→ **RECORDS FOR THE EXERCISE**:
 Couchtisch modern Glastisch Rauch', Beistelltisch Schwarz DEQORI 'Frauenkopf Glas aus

* * *

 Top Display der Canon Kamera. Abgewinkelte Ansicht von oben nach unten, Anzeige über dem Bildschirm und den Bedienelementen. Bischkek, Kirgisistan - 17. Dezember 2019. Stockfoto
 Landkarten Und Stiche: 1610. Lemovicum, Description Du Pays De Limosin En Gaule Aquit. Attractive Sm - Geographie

* * *

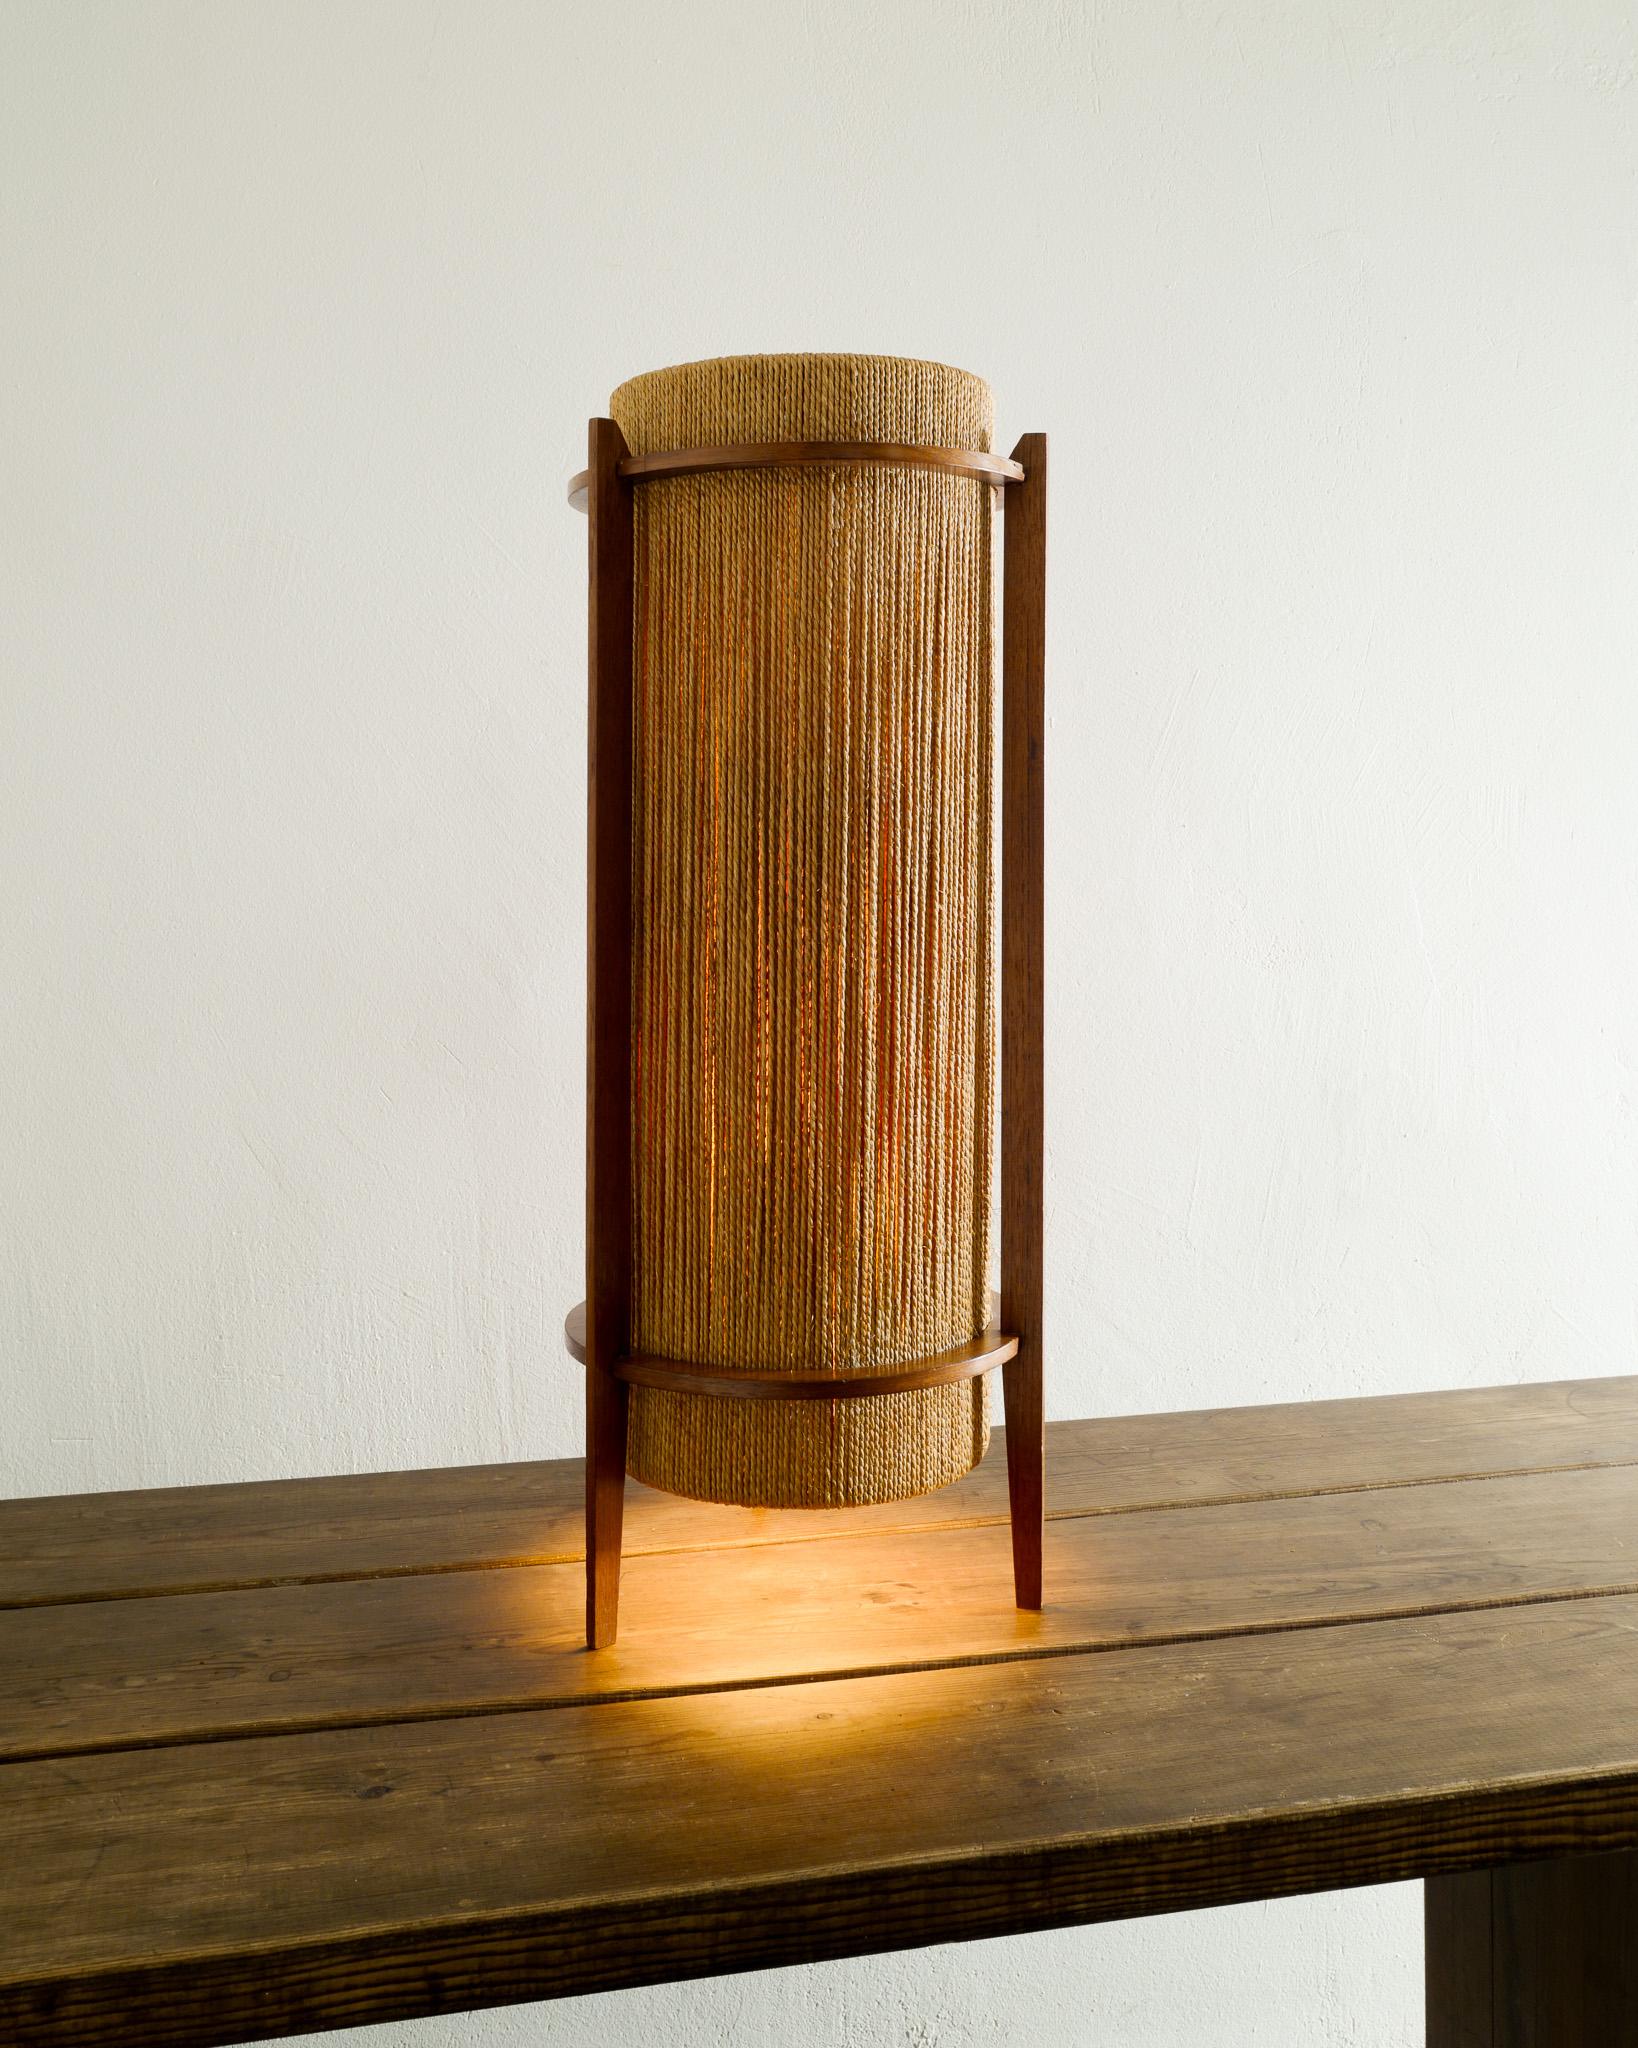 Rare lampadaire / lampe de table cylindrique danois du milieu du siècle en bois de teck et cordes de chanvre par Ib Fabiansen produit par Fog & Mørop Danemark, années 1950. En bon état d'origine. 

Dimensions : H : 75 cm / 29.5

→ **EXERCISE INSTRUCTIONS**: Return exactly the stretch above whose first line contains "Rare lampadaire /" and whose last line contains "Dimensions : H : 75 cm / 29.5", and nothing outside it. The pictures should not appear.

→ **EXERCISE RESULT**:
 Rare lampadaire / lampe de table cylindrique danois du milieu du siècle en bois de teck et cordes de chanvre par Ib Fabiansen produit par Fog & Mørop Danemark, années 1950. En bon état d'origine. 

Dimensions : H : 75 cm / 29.5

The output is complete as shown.